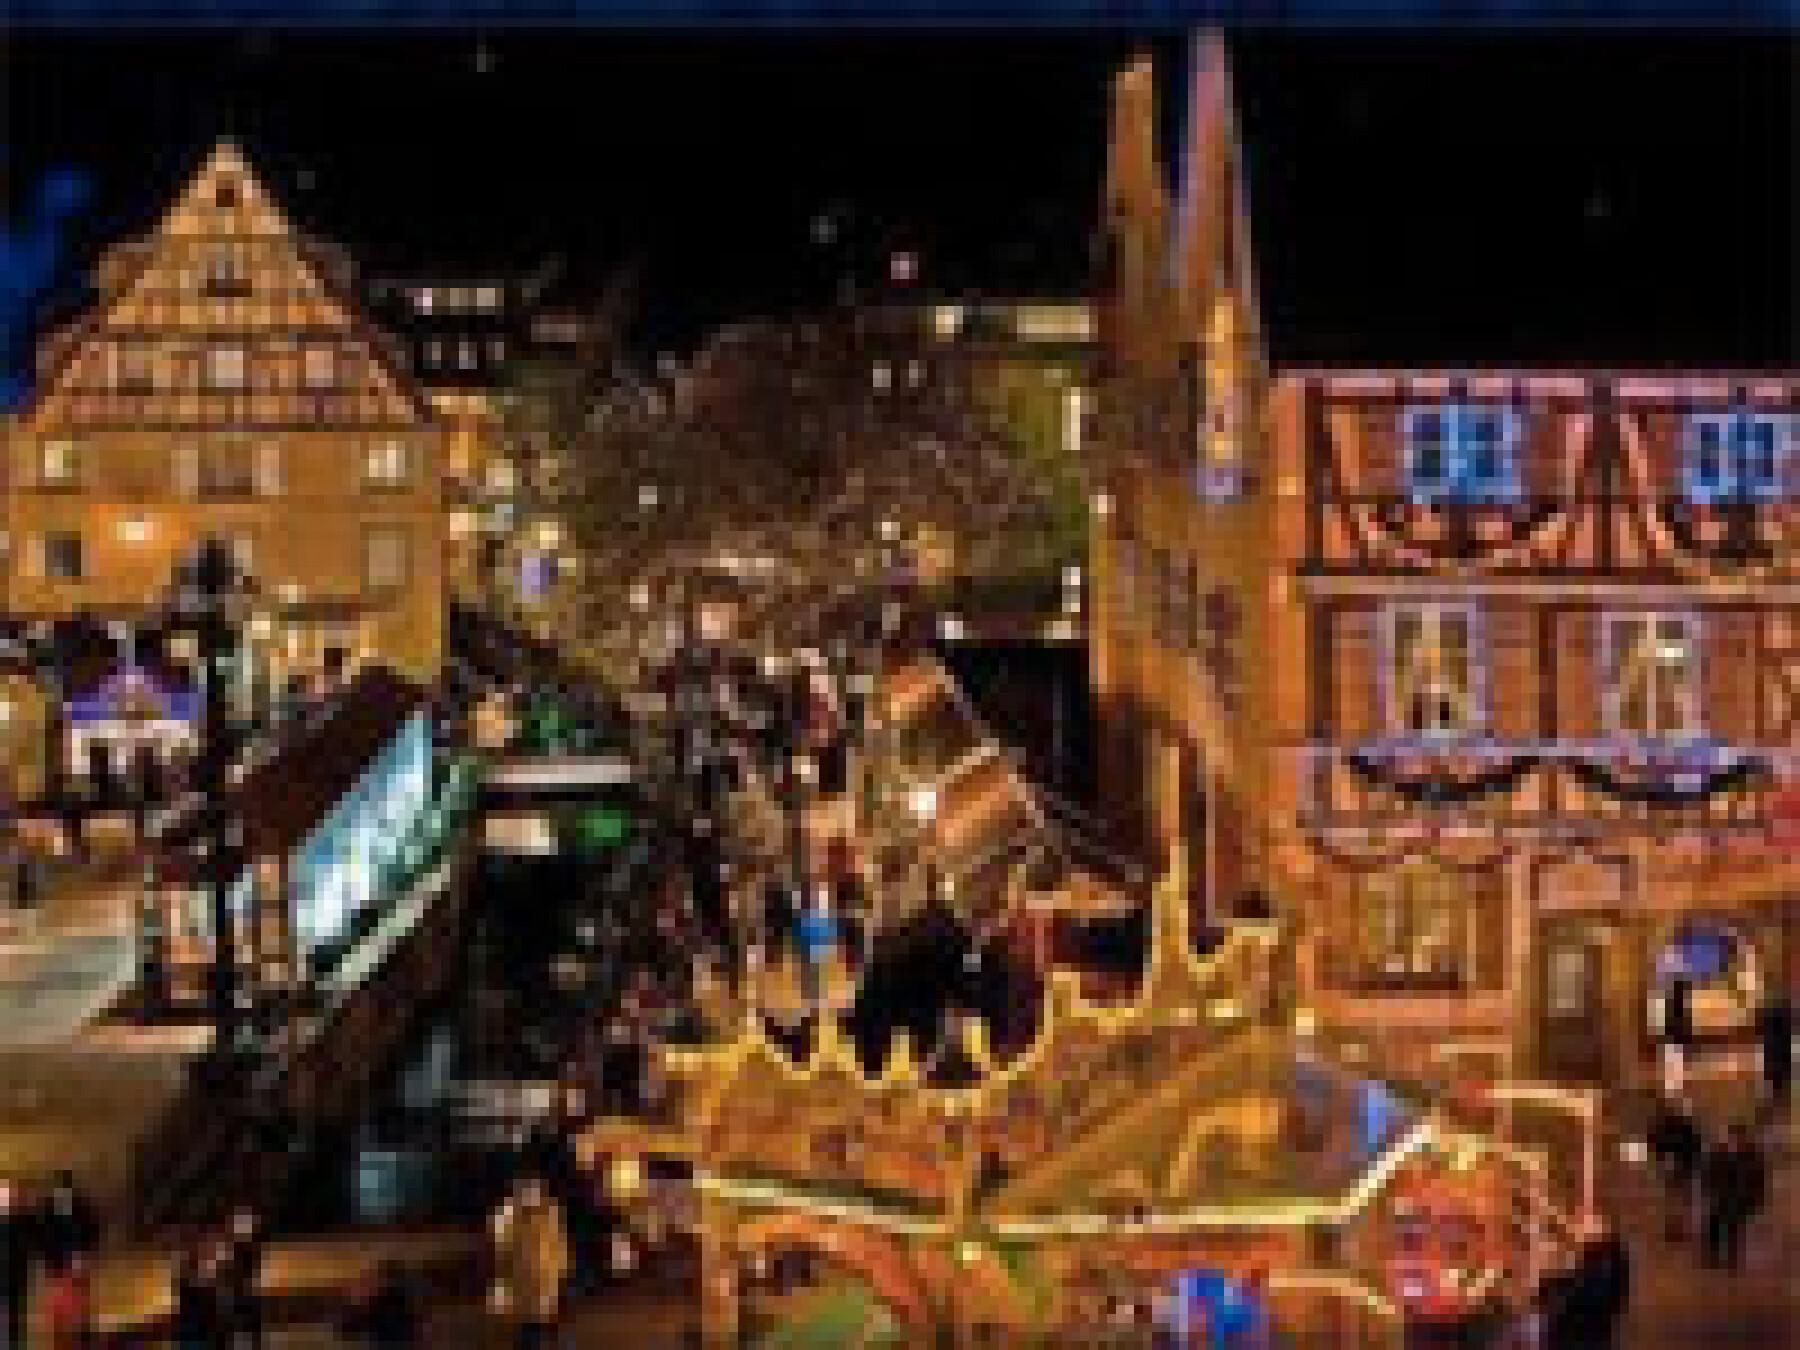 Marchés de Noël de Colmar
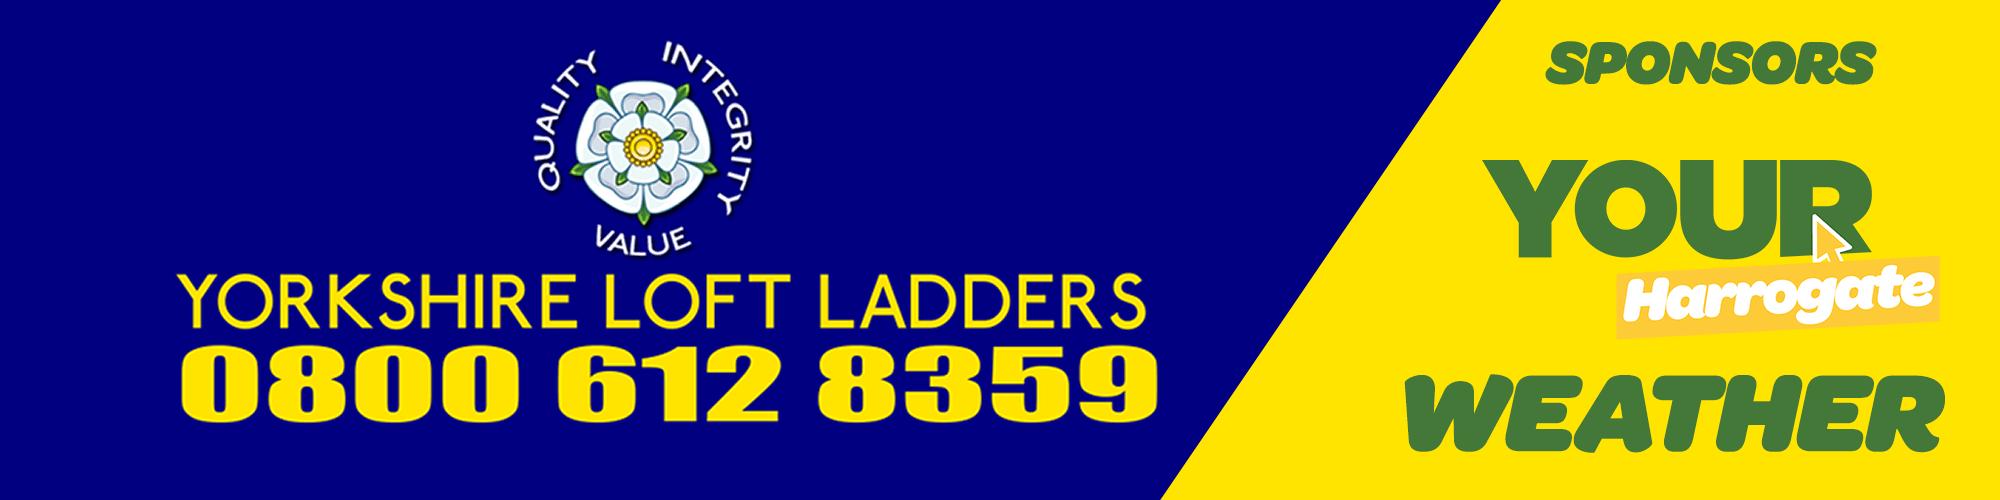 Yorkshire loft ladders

--

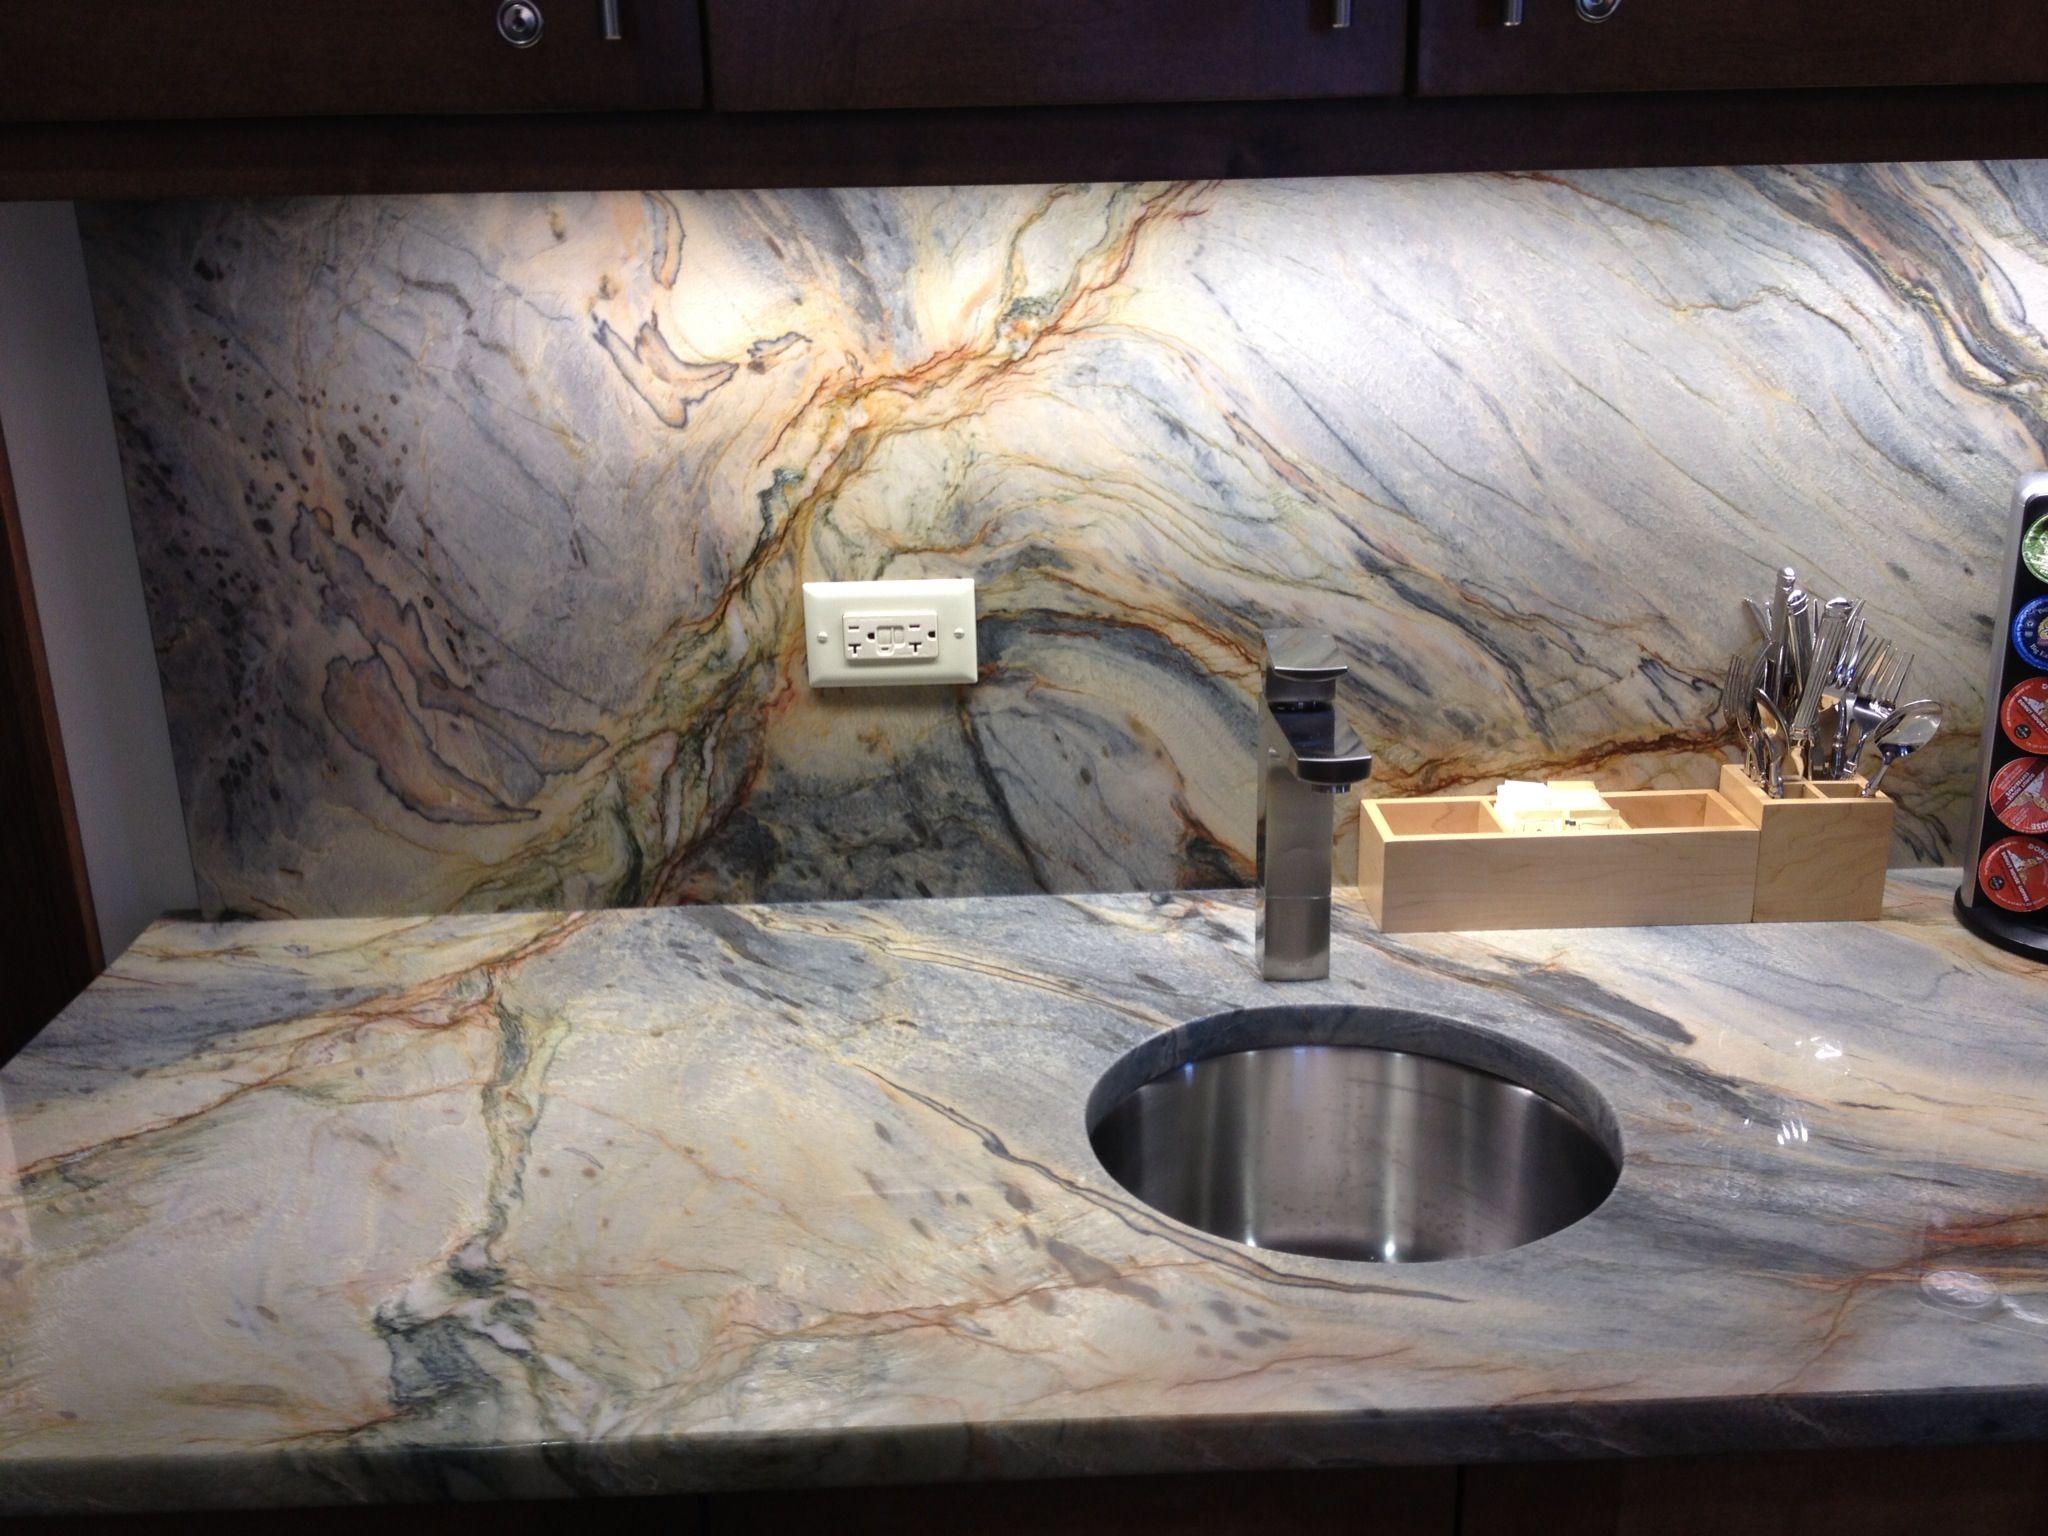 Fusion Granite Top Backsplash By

==

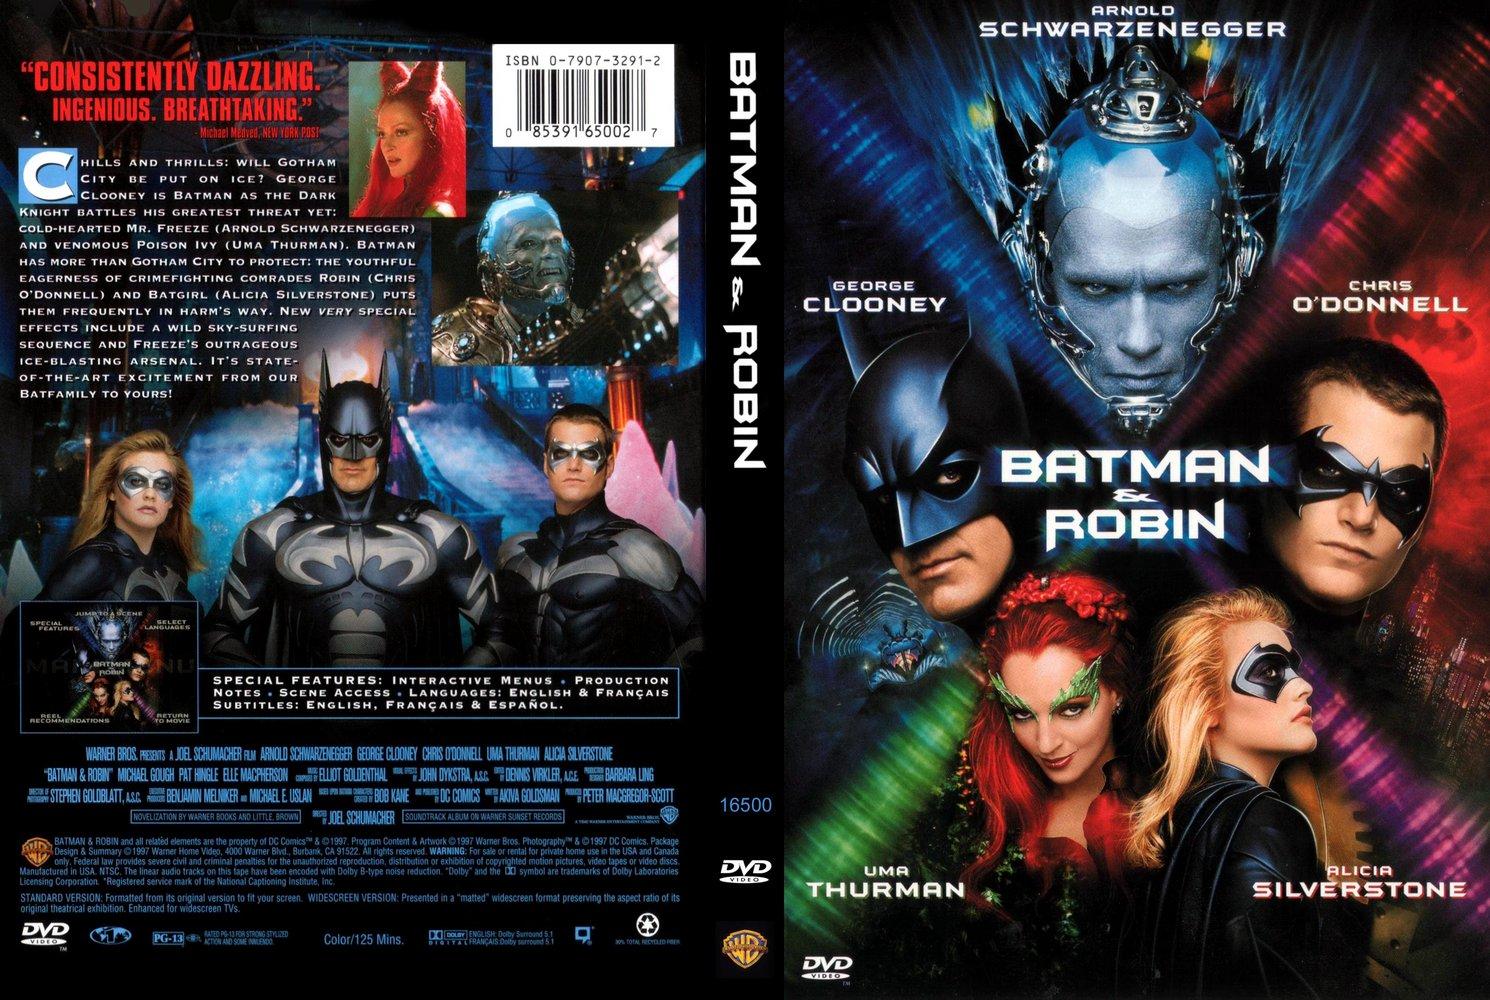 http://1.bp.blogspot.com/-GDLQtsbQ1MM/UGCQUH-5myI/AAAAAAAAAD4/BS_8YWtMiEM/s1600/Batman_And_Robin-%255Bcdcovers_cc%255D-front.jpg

● **INSTRUCTIONS TO FOLLOW**: Find the line with "Marchés de Noël de Colmar" in the entries above. Set down exactly every line from it up to and including the line with "Yorkshire loft ladders", images excluded.

● **RESPONSE FOR THIS EXERCISE**:
 Marchés de Noël de Colmar
 Yorkshire loft ladders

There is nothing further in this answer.